All of the data that follows should be given again exactly, without its images.

Data segment -
----

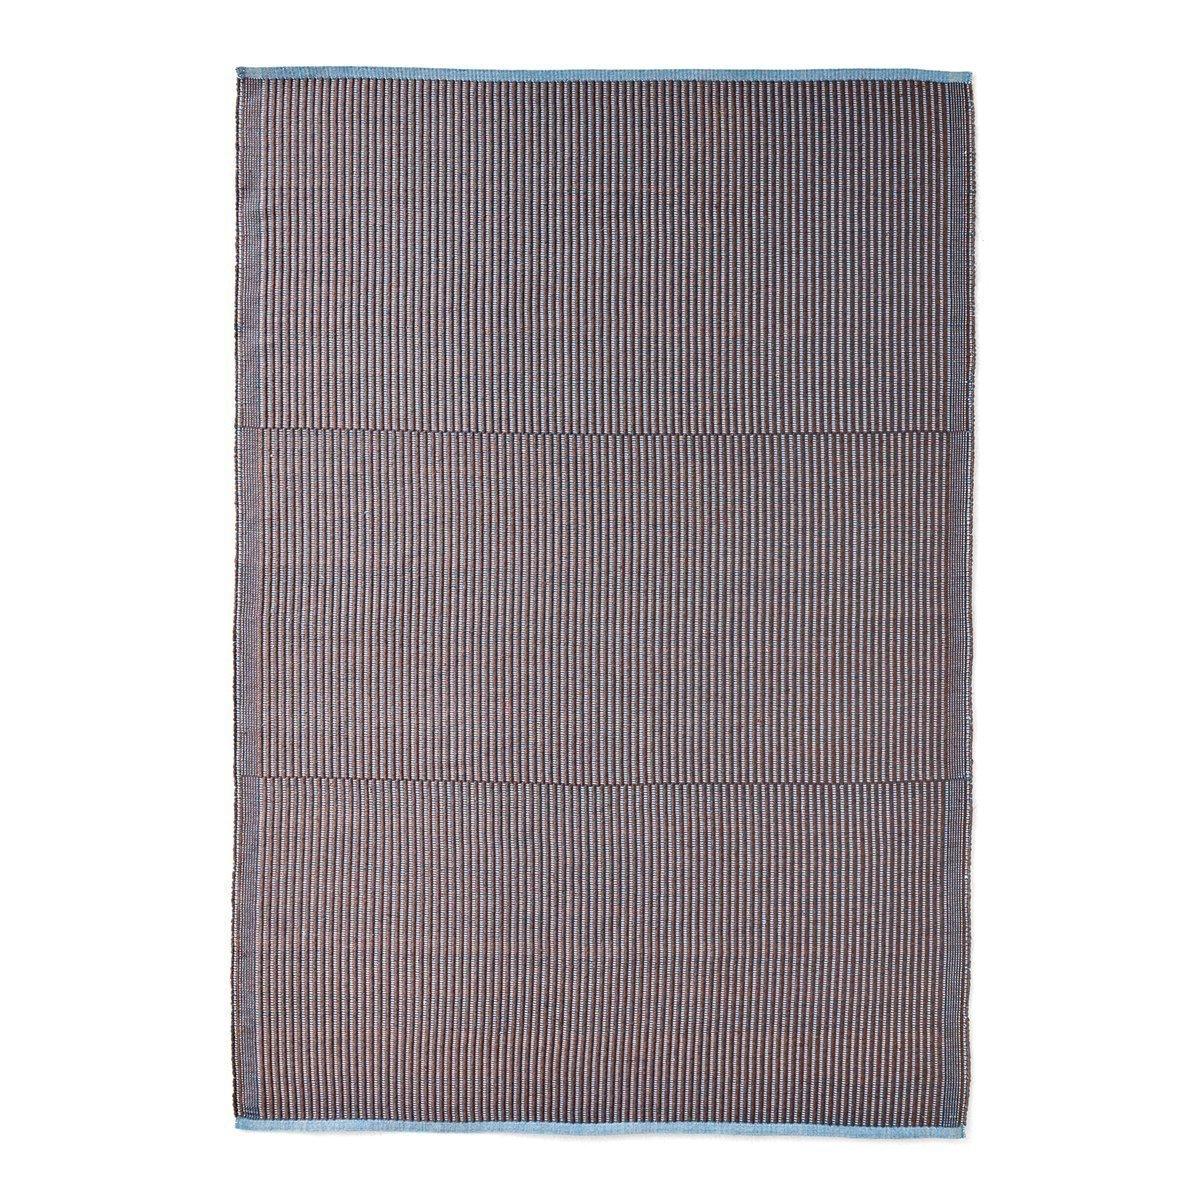 HAY Tapis Vloerkleed Chestnut & Blue - 200 x 140 cm.
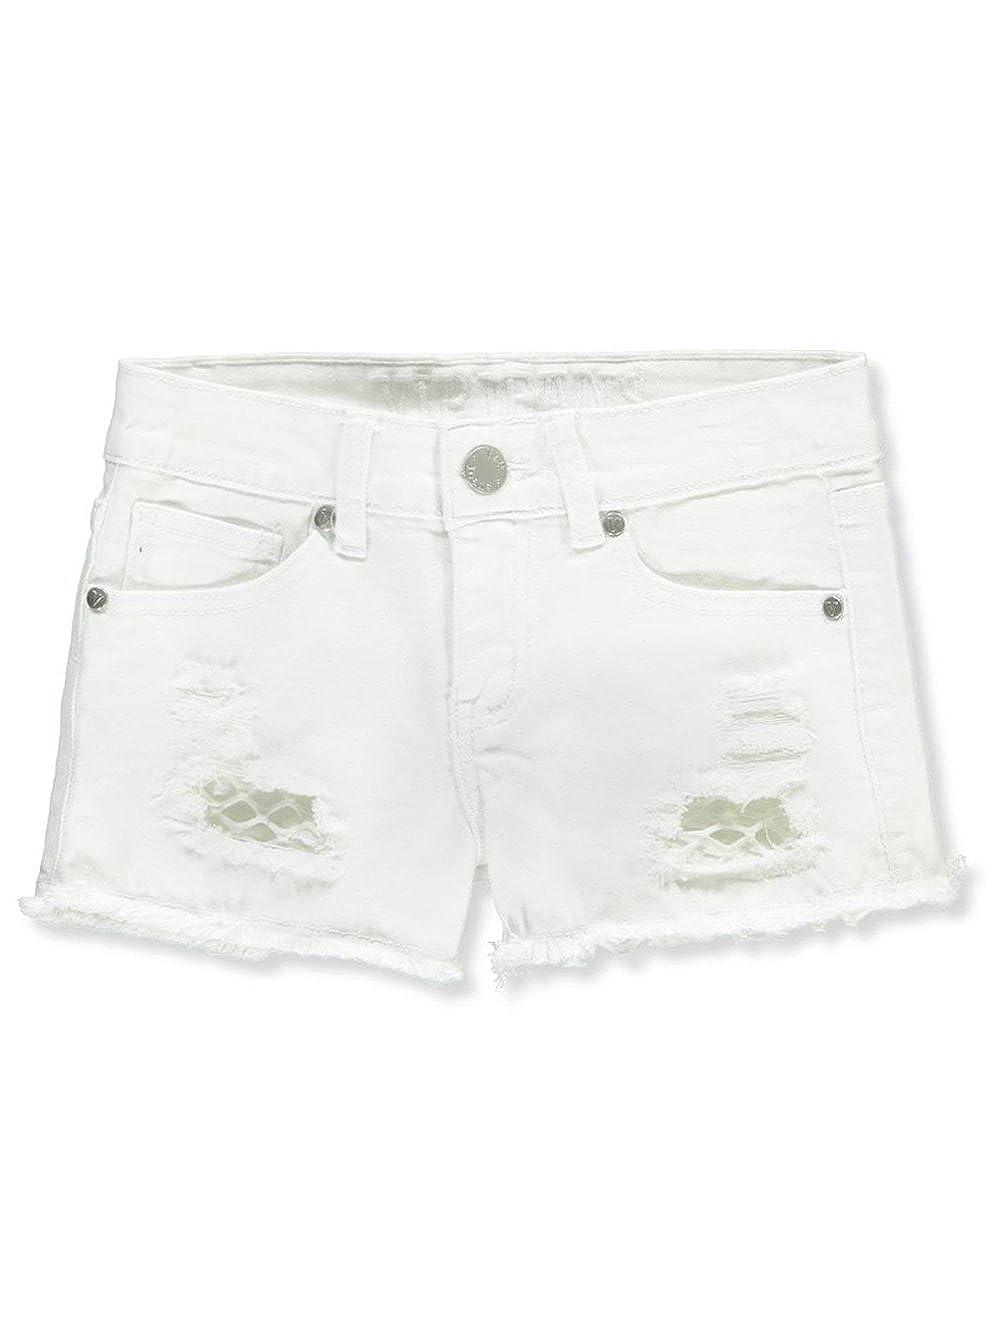 VIP Jeans Girls Shorts
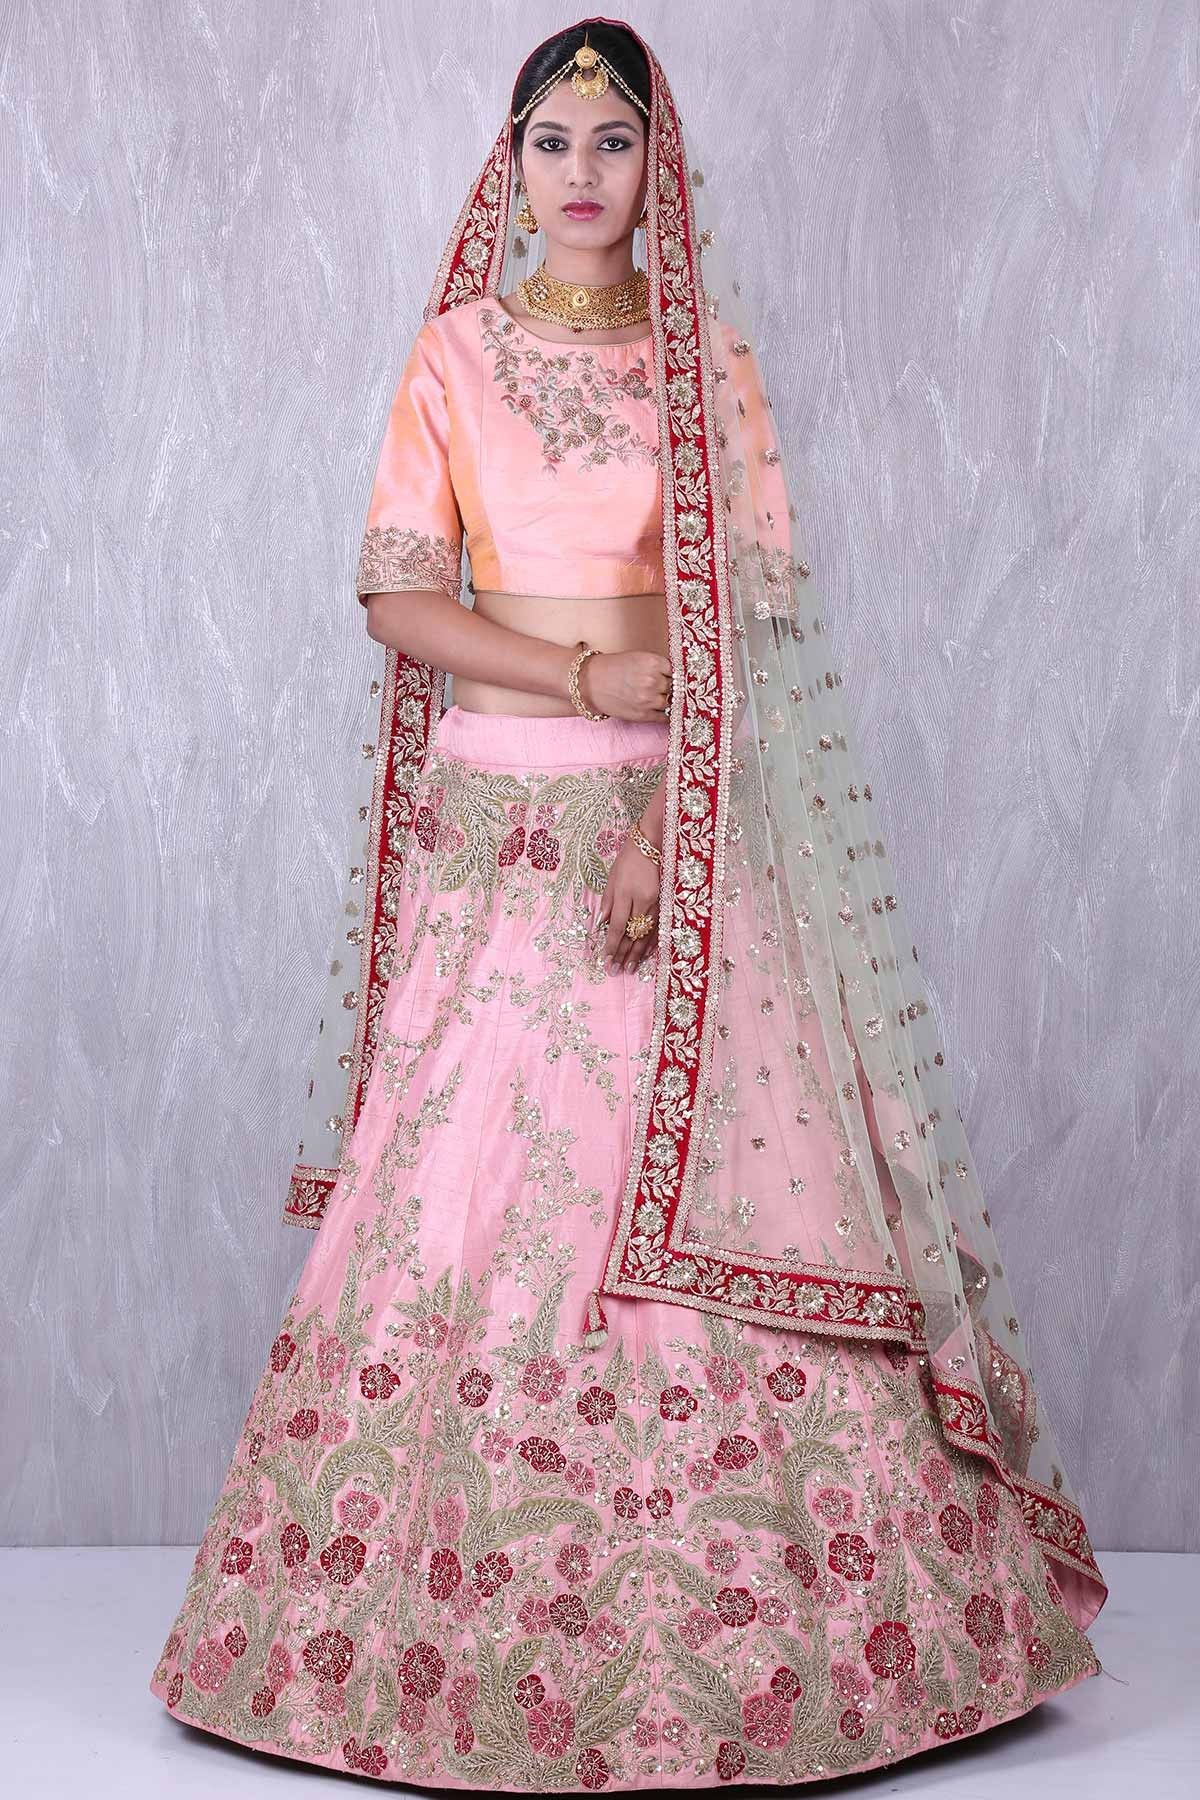 b2d4aa2b63 Buy Baby pink & peach pink gorgeous raw silk lehenga choli with zardosi  work Online #lehenga #bridal #circular #indowestern #rawsilk #embroidered  #zardosi ...

----

Solution for this exercise -
 HAY Tapis Vloerkleed Chestnut & Blue - 200 x 140 cm.
 VIP Jeans Girls Shorts
 b2d4aa2b63 Buy Baby pink & peach pink gorgeous raw silk lehenga choli with zardosi  work Online #lehenga #bridal #circular #indowestern #rawsilk #embroidered  #zardosi ...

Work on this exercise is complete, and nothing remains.